Renzi a Siracusa, parla di lavoro, istruzione e scherza con un pensionato

-“Mercoledì presenterò il piano casa: non ce la facciamo venerdì, lo stiamo rivedendo. E presenteremo anche il Jobs act e le misure per la scuola, misure che mettiamo tutte insieme per non incatenare i sindaci, ma scatenarli”. Così il premier Matteo Renzi in visita a Siracusa.

Il premier inizia la visita all’Istituto Salvatore Raciti, dove incontra studenti e insegnanti della scuola.

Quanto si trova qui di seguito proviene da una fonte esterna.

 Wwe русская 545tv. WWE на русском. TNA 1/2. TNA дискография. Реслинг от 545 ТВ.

Renzi ha incontraro alcuni lavoratori che gli si sono avvicinati per chiedere un sostegno da parte del governo e il fiorentino ha risposto: “Vedremo cosa si può fare”. Poi una battuta a un signore anziano che facendogli gli auguri gli ha detto “lei è giovane, durerà 80 anni”. “Ottanta anni? E’ una minaccia. Politicamente sarei per durare poco. Bene il lavoro ai giovani”.

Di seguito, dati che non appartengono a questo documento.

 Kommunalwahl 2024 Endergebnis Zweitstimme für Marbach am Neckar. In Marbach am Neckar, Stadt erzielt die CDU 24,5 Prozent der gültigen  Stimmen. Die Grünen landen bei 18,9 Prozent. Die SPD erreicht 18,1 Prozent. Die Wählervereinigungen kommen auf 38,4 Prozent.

Gli alunni della scuola lo hanno accolto con balli e canti. La scuola, che ha 800 alunni, è un modello di integrazione per la presenza di una trentina di studenti stranieri, oltre che di accessibilità, visto che è completamente priva di barriere architettoniche. Ad accogliere Renzi, che è arrivato assieme al sottosegretario Graziano Delrio, c’erano il sindaco Giancarlo Garozzo e la sua giunta, il vicepresidente di Confindustria, Ivan Lo Bello e l’arcivescovo di Siracusa, Salvatore Pappalardo.

E’ il momento più difficile da 30 anni per chi perde il posto di lavoro. Dobbiamo cercare di fare uno sforzo vero” dice Renzi parlando con studenti e insegnati del tema della disoccupazione, con particolare riferimento alla Sicilia e al Sud. Parlando agli studenti il premier ha anche auspicato “che la scuola italiana torni ad essere la patria della bellezza e della cultura” .

Lasciata la scuola Renzi arriva a piedi nella sede del Municipio di Siracusa dove ha incontrato alcuni sindaci del Siracusano. Suoi ‘ex’ colleghi, visto che il premier ha annunciato di aver “optato per la carica di premier” ieri.